- Jazz in the 1980s cartoon
- First appearance: The Transformers
- Voiced by: Scatman Crothers, Minoru Inaba, Darius McCrary, others

In-universe information
- Affiliation: Autobot

= Jazz (Transformers) =

Transformers character

Jazz is a fictional robot character from the Transformers franchise. He is usually portrayed as a music-loving Autobot that enjoys human popular culture.

== History ==
The toy that was to become the Autobot Jazz was originally released as part of the Japanese Diaclone series by Takara in 1983. This toy was later released in 1984 by Hasbro in the US under the Transformers brand.

In the Transformers G1 continuity, as depicted in the 1980s cartoon, Jazz is the head of Special Operations for the Autobots.

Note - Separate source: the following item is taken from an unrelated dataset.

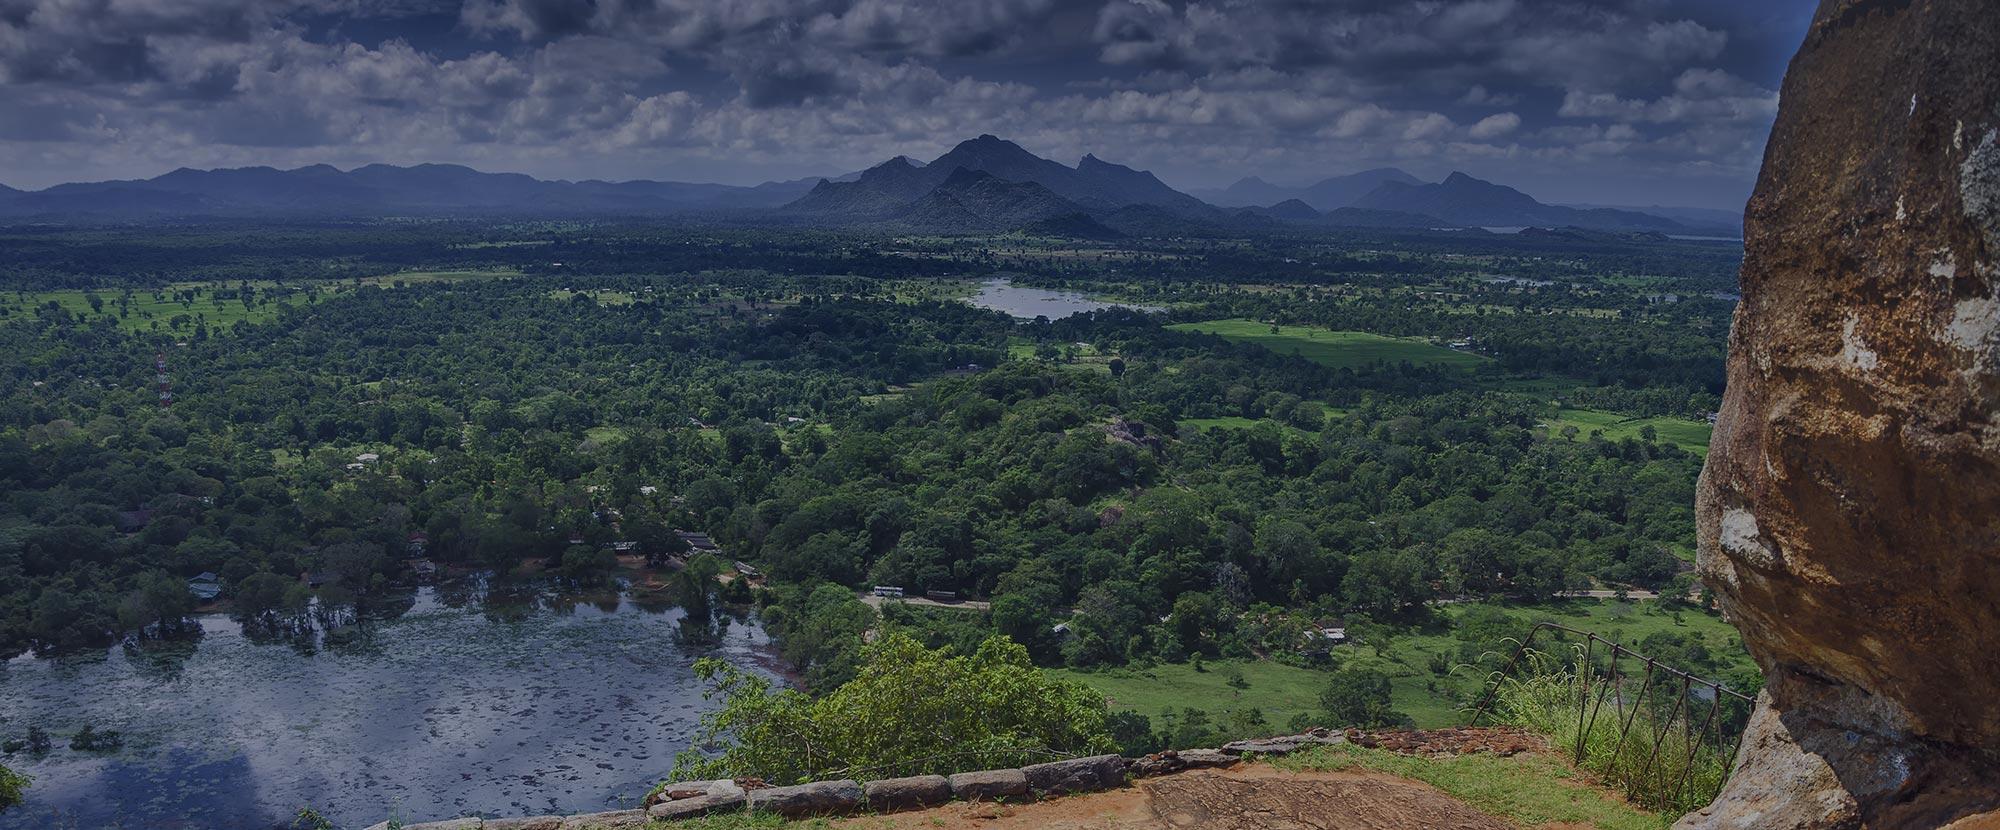 Viajes a Sri Lanka, India y Maldivas

When he arrived on Earth, he quickly assimilated into human culture. He adopted human slang and began enjoying music and popular culture. He transforms into a white Porsche 935 with red and blue racing stripes. In the original cartoon, Jazz is voiced by Scatman Crothers in English and by Minoru Inaba in Japanese. Jazz's English voice actor, his love of music, and his personality have caused him to be popularly interpreted as implicitly Black-coded. In the continuity of the Transformers comic series by IDW Publishing, Jazz is depicted as a music lover that spent his time watching live music shows before the outbreak of the Decepticon revolution. He joined the Autobots in the war and fought with them for four million years, earning a reputation as one of the strongest Autobot warriors.

In the 2007 Transformers film, Jazz is a fun-loving Autobot that transforms into a Pontiac Solstice. He tries to fight Megatron but is killed when Megatron rips him in half, becoming the first Autobot to die in the film series. This version of the character is voiced by Darius McCrary.